If someone had grabbed Willi, then they might have their hooks into the banker, which jeopardized the entire scheme. While he had already heard from Hans AKA Greta that the transfer into the account in Switzerland would take place on Friday afternoon, that did not rule out that the banker might have an alternate arrangement.

He had to assume that the transvestite banker had gone over to the other side and was working for two bosses. Cali could have strong-armed Hans into telling him who had snatched Willi, except his abduction might all be in his head and a show of force might blow the entire deal, besides there was another course of action he could take, but only if he kept it to himself. At this point he could trust no one and that meant Kurt as well.

"What are you thinking?" Kurt asked.

Cali signaled him to be quiet, as the waiter brought them their lunches.

When they were alone again, the black man said, "I was wondering whether we should call this off. We have all the money from the transfers."

"Not the expenses for the Thai prison guards, Murah, the flights to Thailand, the hotel rooms in Geneva, the flights back and forth as well as payments to Sean."

"And your debts."

"Yes, and my debts. Everything is in place. We risk nothing by going through with this."

"Your American will pick up the money."

"What's to prevent him from robbing us?"

"He is not going to disappear with our money, is he?

"I will be waiting outside the bank. He is going nowhere without me."

"And the Swiss banker will only give the money to him and no one else."

"Murah is with his son in Thailand.

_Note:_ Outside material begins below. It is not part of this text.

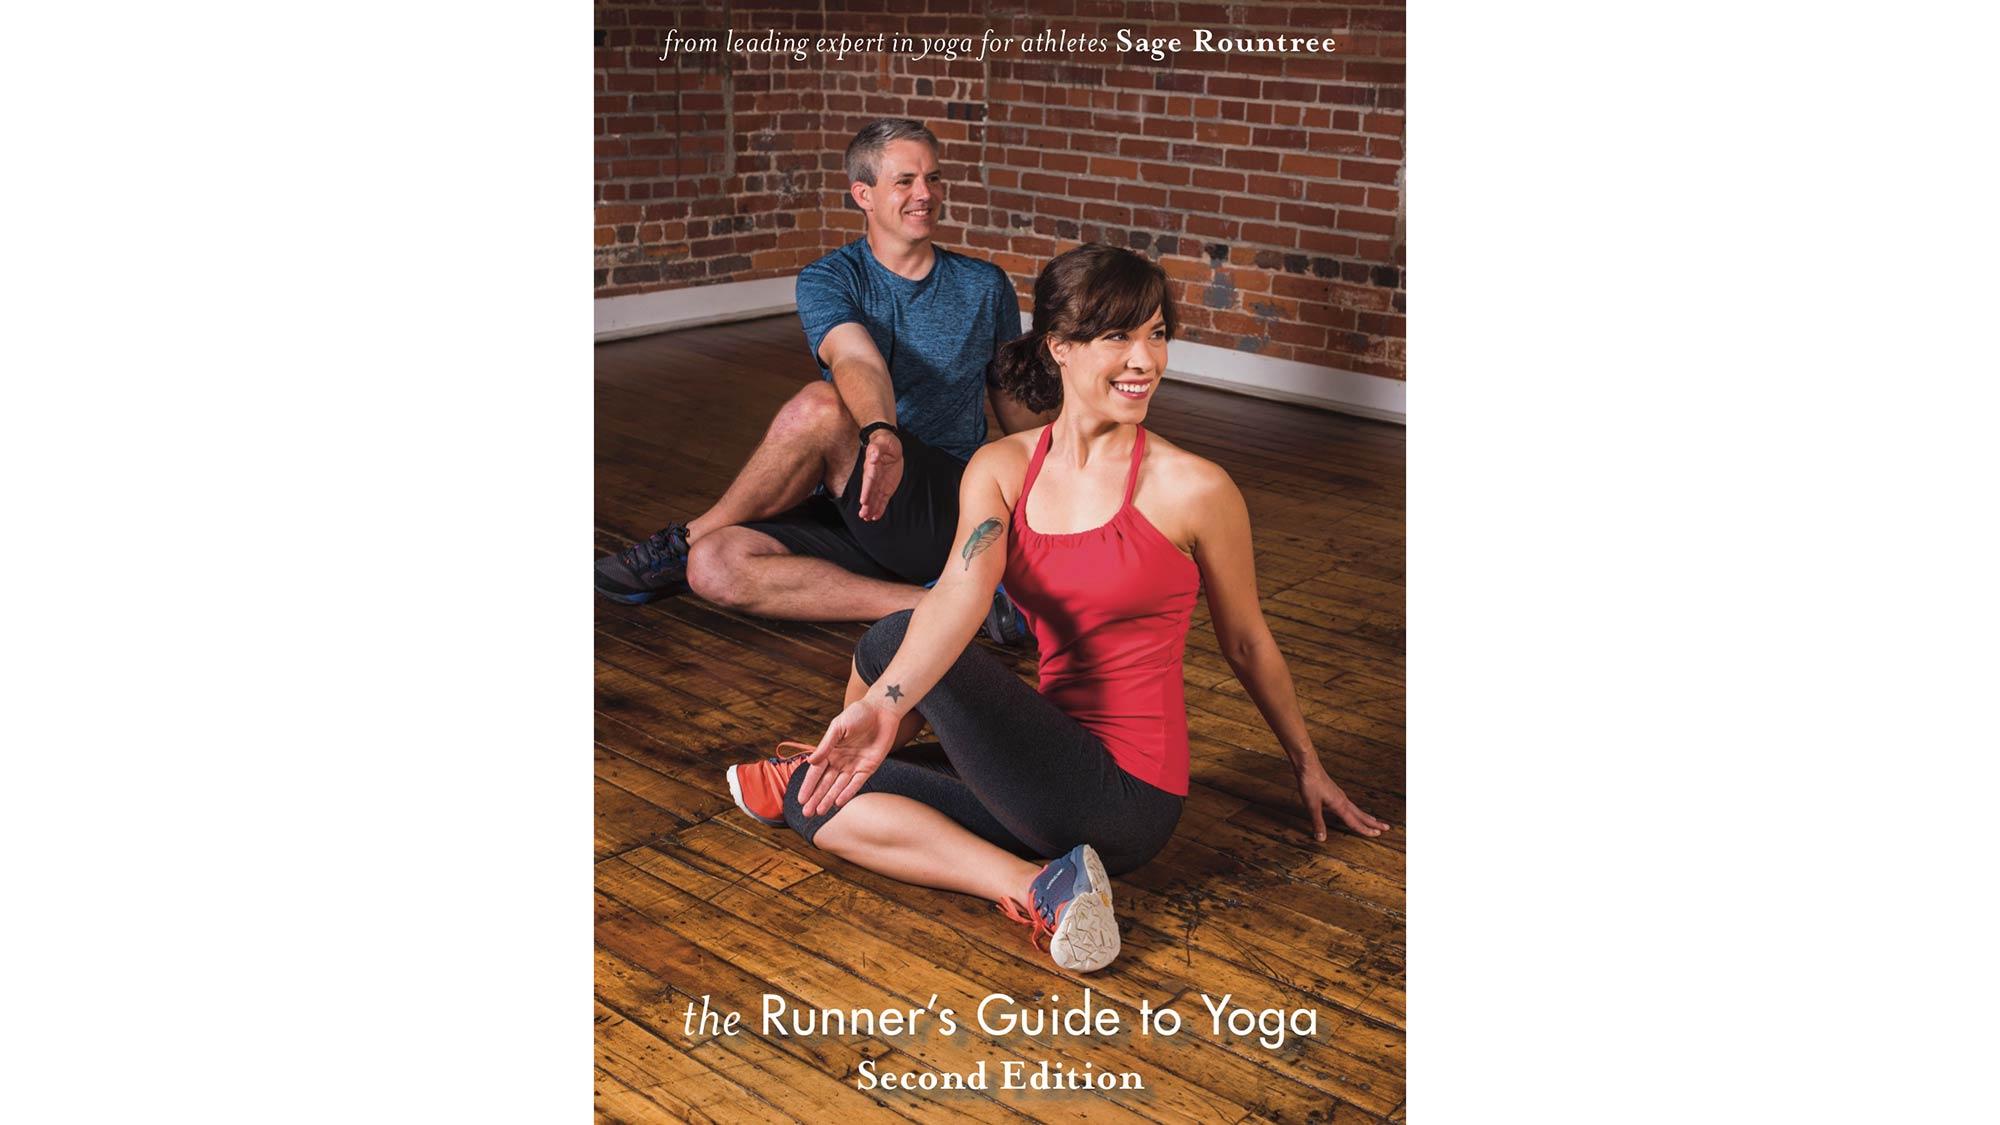 Portada del libro The Runner's Guide to Yoga

One phone call from Herr Egard's boy will assure his compliance otherwise Murah will take care of him."

"And Murah will do the right thing?"

"You know how the Yugoslavs are about betrayal."

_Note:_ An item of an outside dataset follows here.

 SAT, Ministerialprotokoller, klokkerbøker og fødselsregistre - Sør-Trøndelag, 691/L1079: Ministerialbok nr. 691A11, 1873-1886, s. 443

"Yes, I do." He suspected a Yugoslav gang was behind the shooting earlier this summer.

"At worst we know who is taking the money."

"Lukas."

"Yes."

"We have to be very careful. When I had said in the beginning that no one would get hurt, I was only talking about us." Cali lowered his head, so his friend saw the seriousness in his eyes.

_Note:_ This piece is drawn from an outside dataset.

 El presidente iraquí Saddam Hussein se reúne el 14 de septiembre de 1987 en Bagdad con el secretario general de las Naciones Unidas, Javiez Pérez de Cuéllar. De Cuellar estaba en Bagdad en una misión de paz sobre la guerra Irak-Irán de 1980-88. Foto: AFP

"Everyone else doesn't matter, nicht war?"

"I agree." Kurt was angrier than before he entered the restaurant. Lukas had used his wife to fuck with them. Vanessa’s name repeated in his mind. She had told her husband about his stupid dream to save her and he had been a fool to think someone like her would love him. Kurt might have been a fool, but he was far from a fool anymore and asked, "So what now?"

"One, I hunt for Willi. If we find him, then no problem. Second, anyone stick their noses in our business, I will kill them."

If it had been anyone else, then Cali would have walked away from this deal, but he owed Kurt one chance and this was going to be it. If their plans went wrong, the two men had a short list of people who would have to pay for its failure and pay the hard way. Cali only hoped one of them was not Kurt and said, "Three, you stay off the drugs for the next days. I need you straight. It is us against everyone.

"Okay, okay," Cali was too good a friend to lie to and Kurt vowed to stay straight for the next few days, though after leaving the restaurant Kurt hurried to his car, thinking about the packet of cocaine under the seat. He cursed upon seeing the green sticker pasted on his car's front window. It was a soft terrorist act from the Green Party, who believed all cars should be banned from the cities. If he got his hands on a hippie, he would have cut off all their hair with a tire iron. None were in sight, so Kurt could only be angry at himself. He ripped off the sticker and slid into the T-Bird.

Kurt reached down for his stash and spooned two piles of cocaine on the back of his wrist, then thought about what he had promised Cali. He owed his friend this small favor and blew away the cocaine. For once he felt good about not doing the coke and would feel even better once the money was in his hands all his troubles would be solved. If he kept telling himself that, he might believe it one day, because Friday was only a few more days away.